**Exercise goal:**
Lines before the one containing "Angle View: GE" are not copied; that line and every one after it, through the end of the material below, are printed exactly, without pictures.

**Information shown:**
((
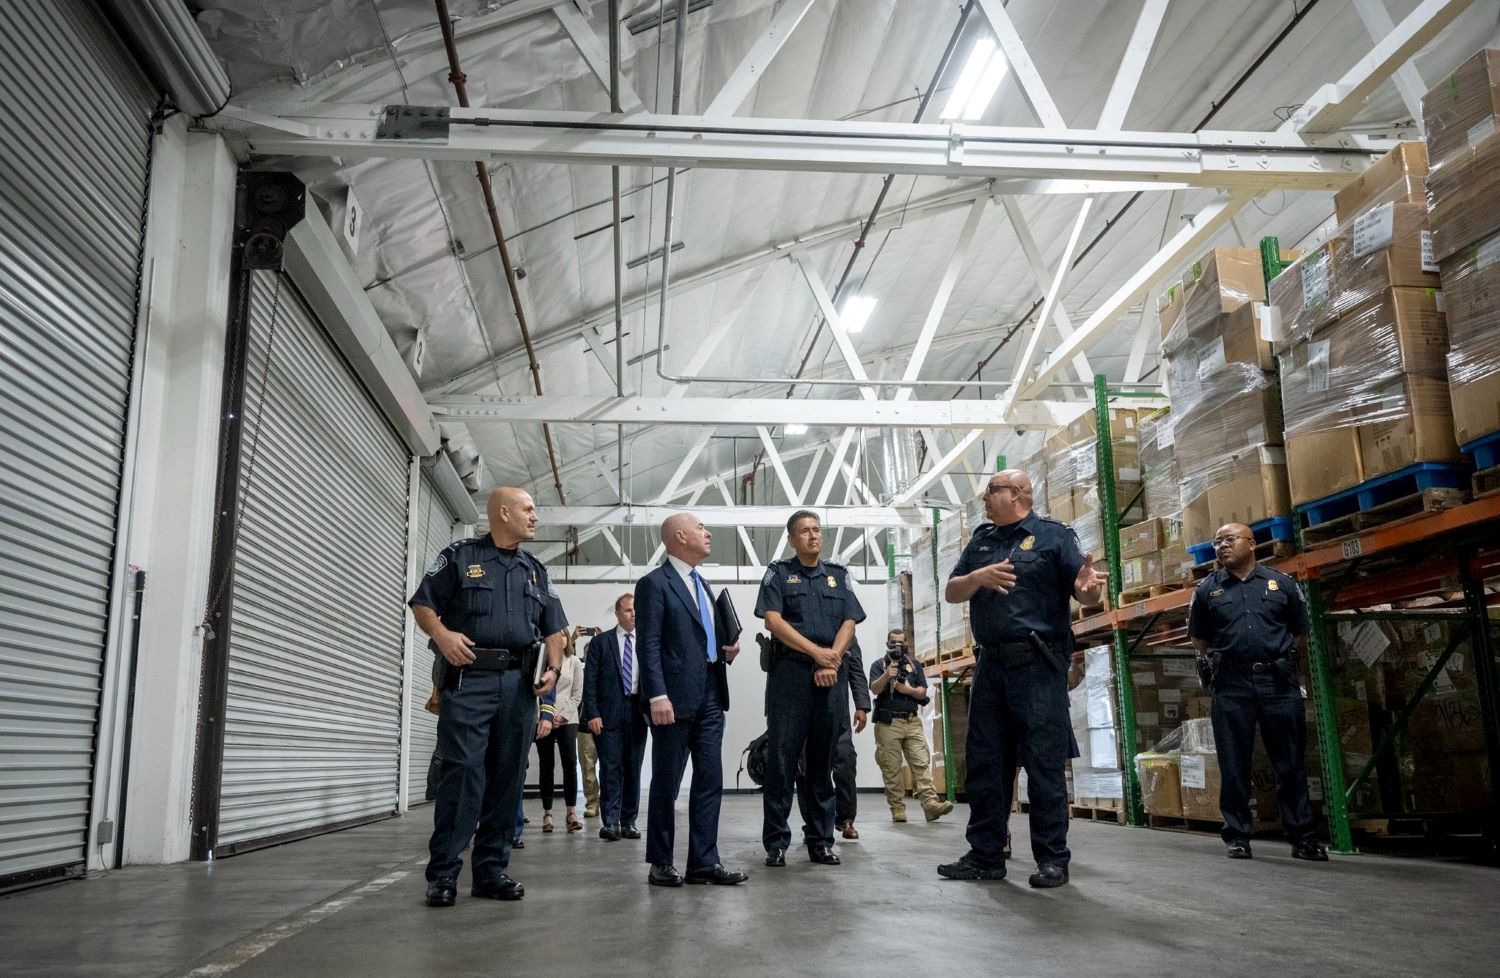 Department of Homeland Security warehouse
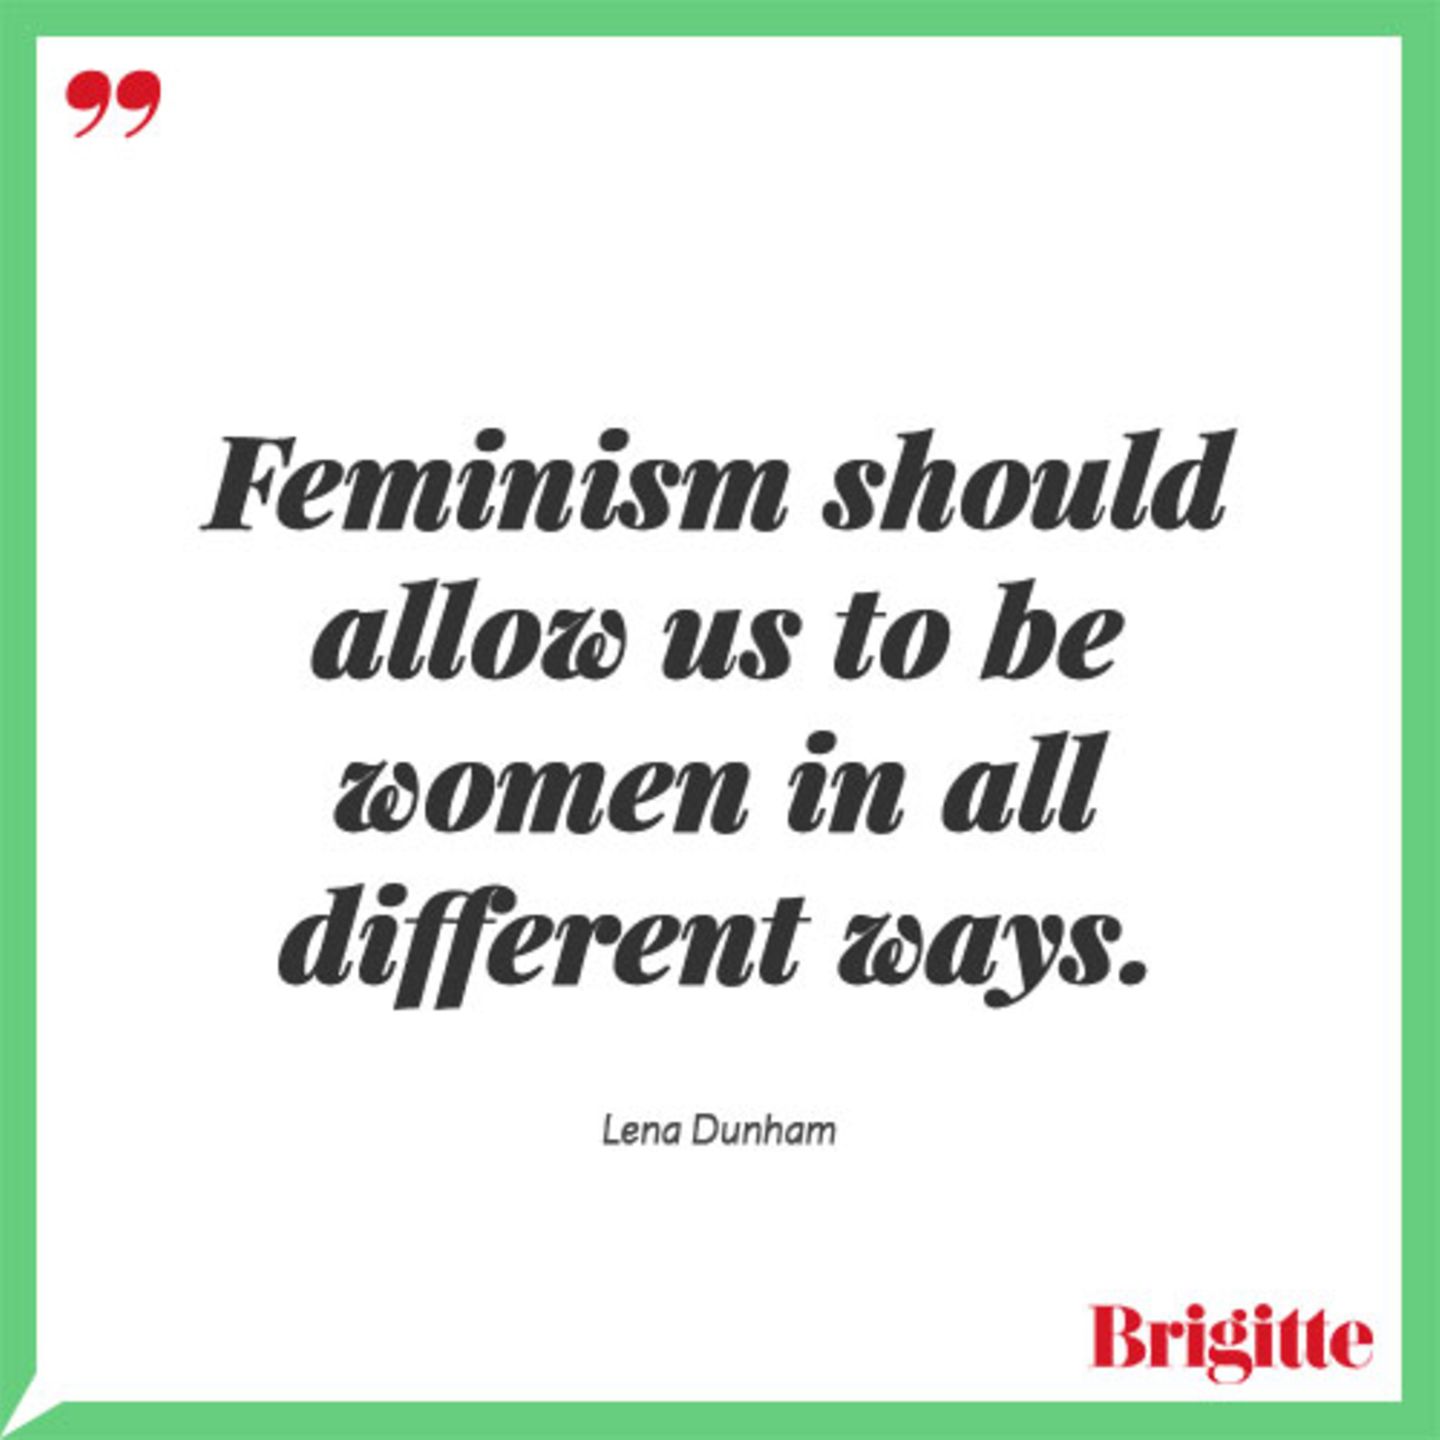 Feminism should allow us to be women in all different ways.
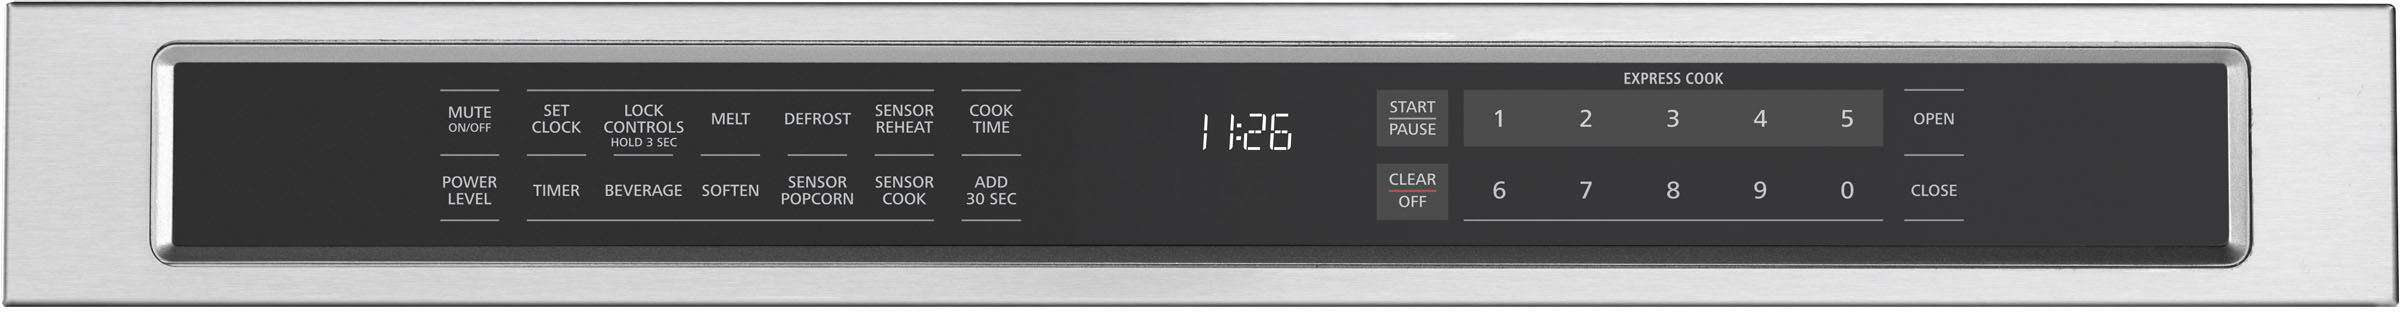 Angle View: GE - 1.6 Cu. Ft. Over-the-Range Microwave - Black
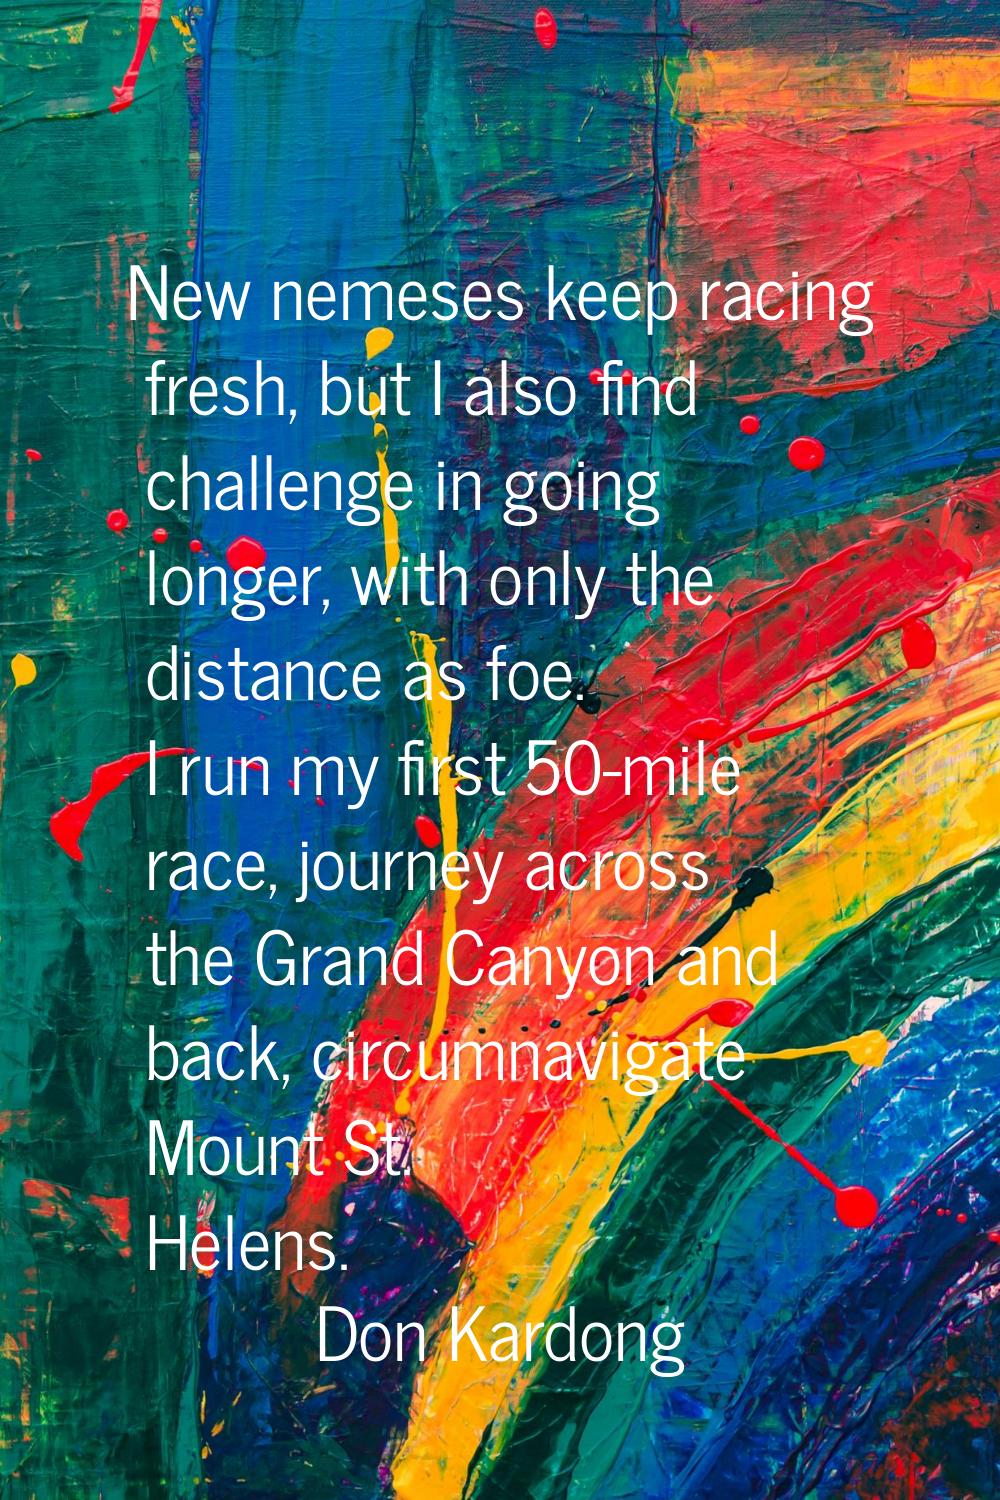 New nemeses keep racing fresh, but I also find challenge in going longer, with only the distance as
))
**Exercise result:**
 Angle View: GE - 1.6 Cu. Ft. Over-the-Range Microwave - Black
 New nemeses keep racing fresh, but I also find challenge in going longer, with only the distance as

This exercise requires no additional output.